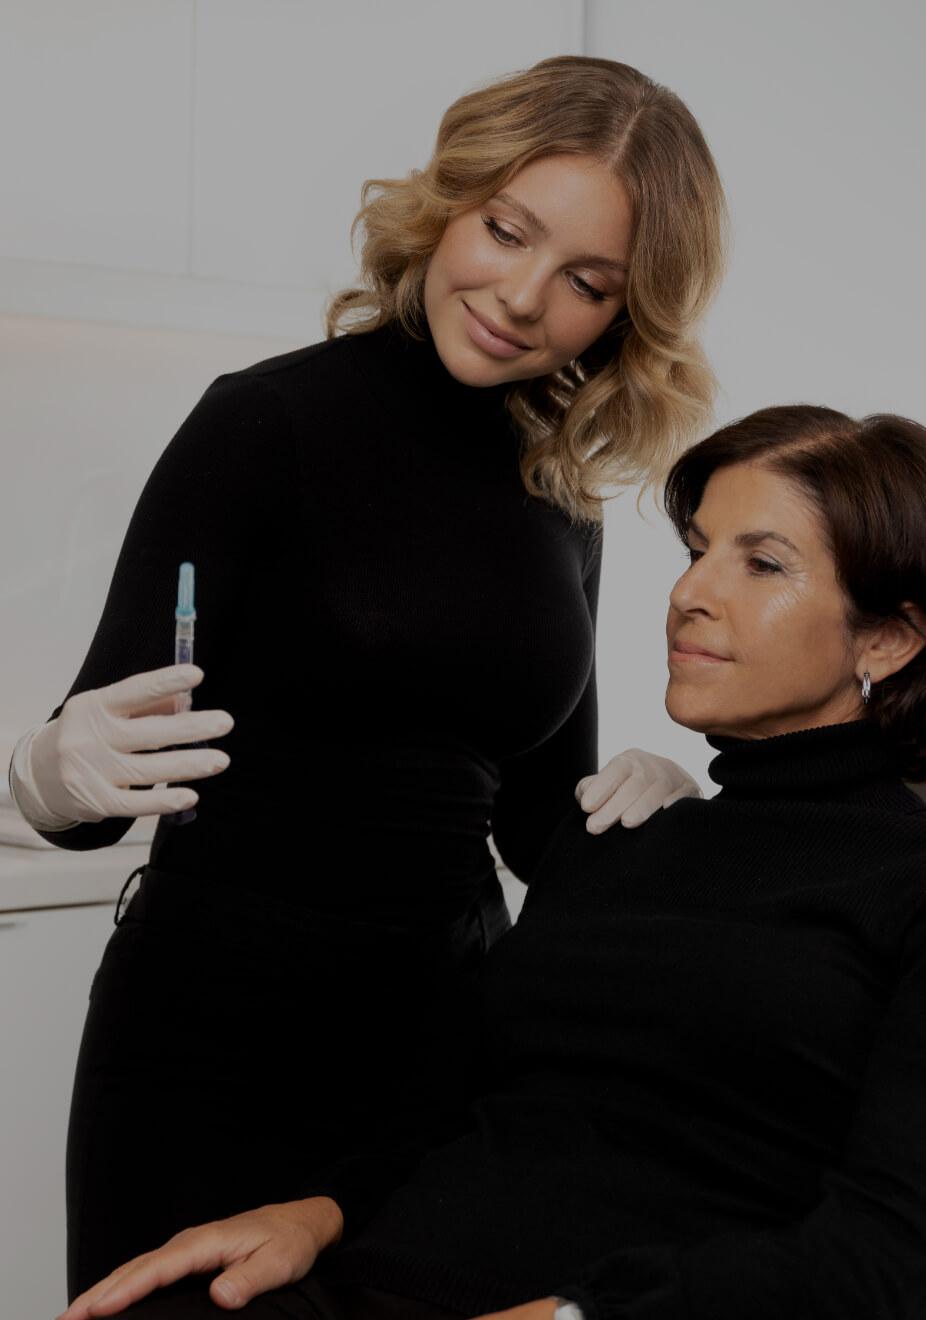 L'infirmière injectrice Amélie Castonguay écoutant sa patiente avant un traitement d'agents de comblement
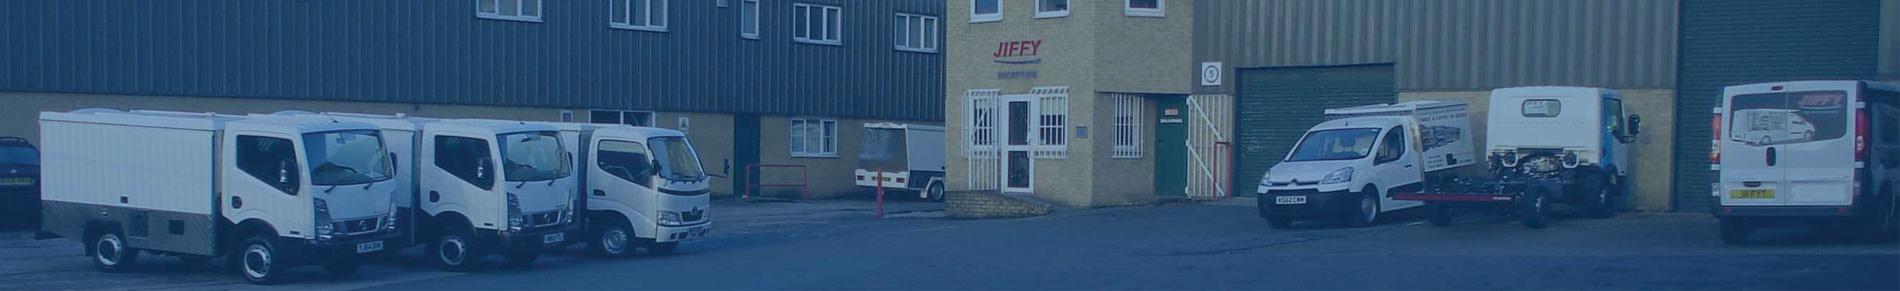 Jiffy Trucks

━━━━━━━━━━━━━━━━━━━━━━━━━━━━━━

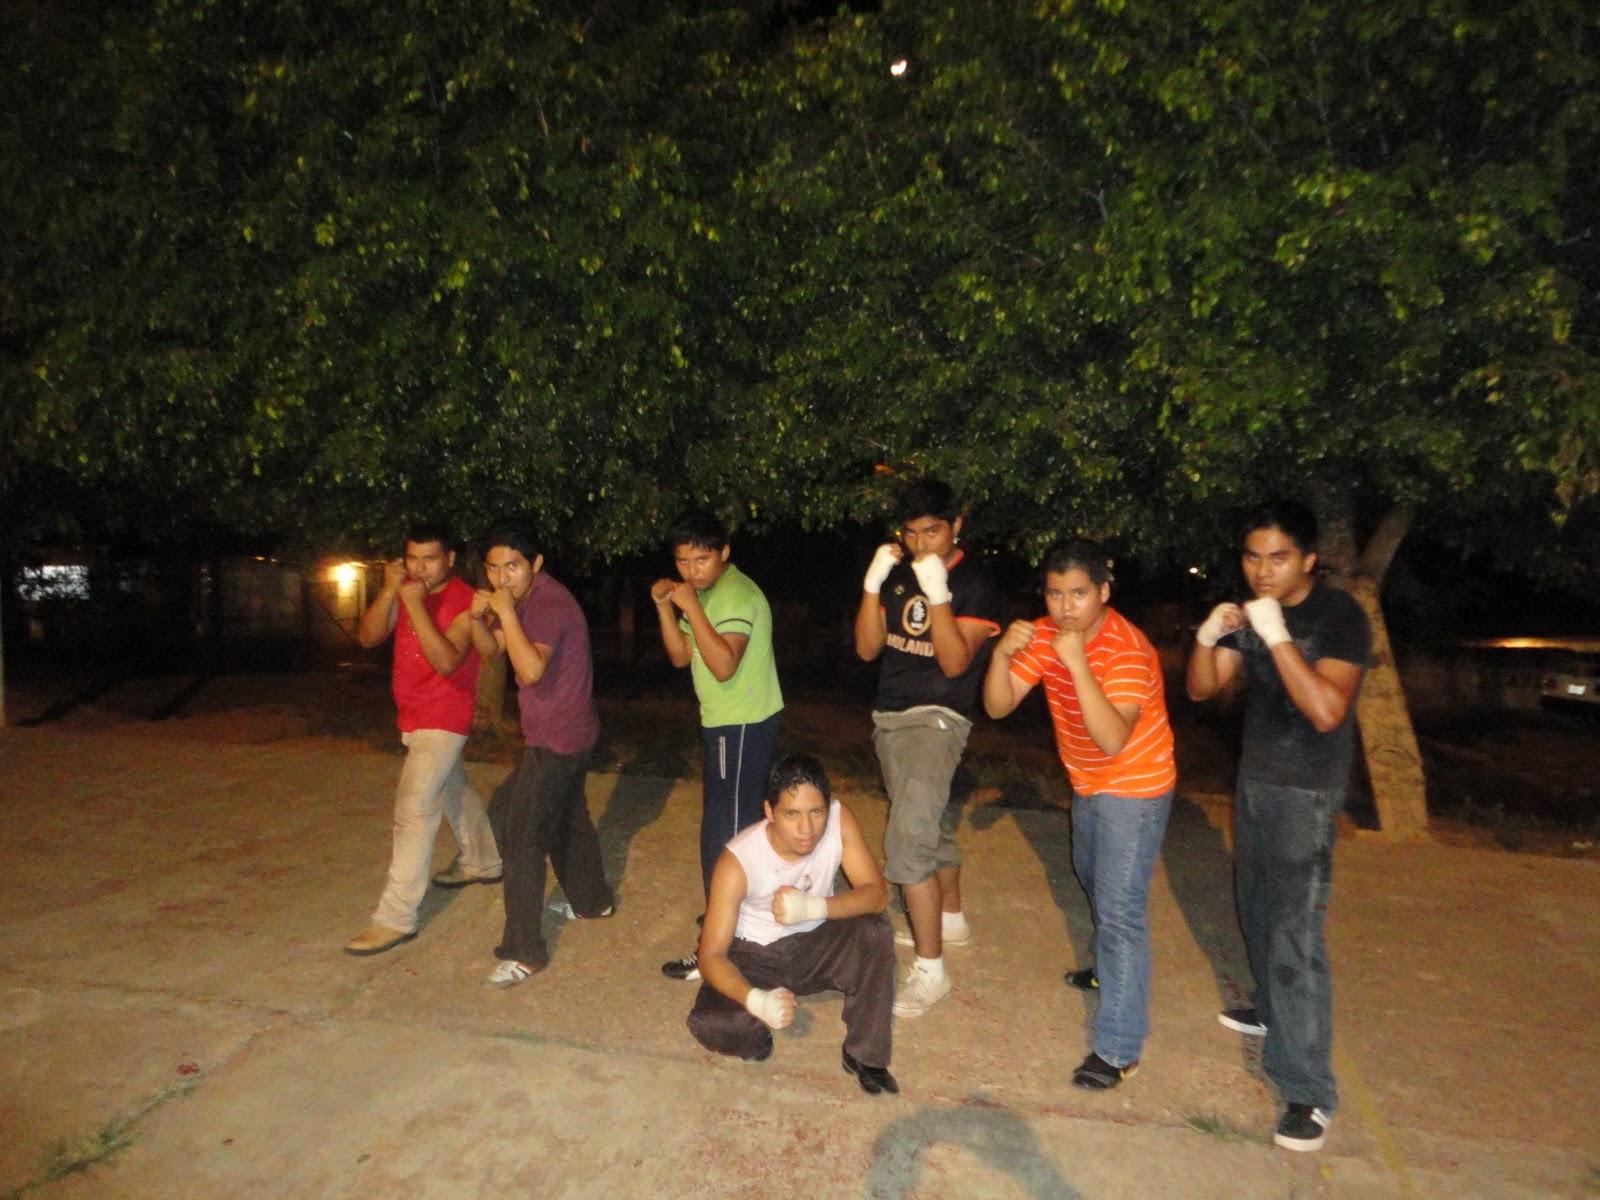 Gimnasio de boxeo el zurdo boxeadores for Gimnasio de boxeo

━━━━━━━━━━━━━━━━━━━━━━━━━━━━━━

WHAT TO DO: Repeat the lines above exactly, beginning with the one containing "L'infirmière injectrice Amélie" and finishing with the one containing "Jiffy Trucks". No pictures belong in the copy.

SOLUTION FOR THIS PROBLEM:
 L'infirmière injectrice Amélie Castonguay écoutant sa patiente avant un traitement d'agents de comblement
 Jiffy Trucks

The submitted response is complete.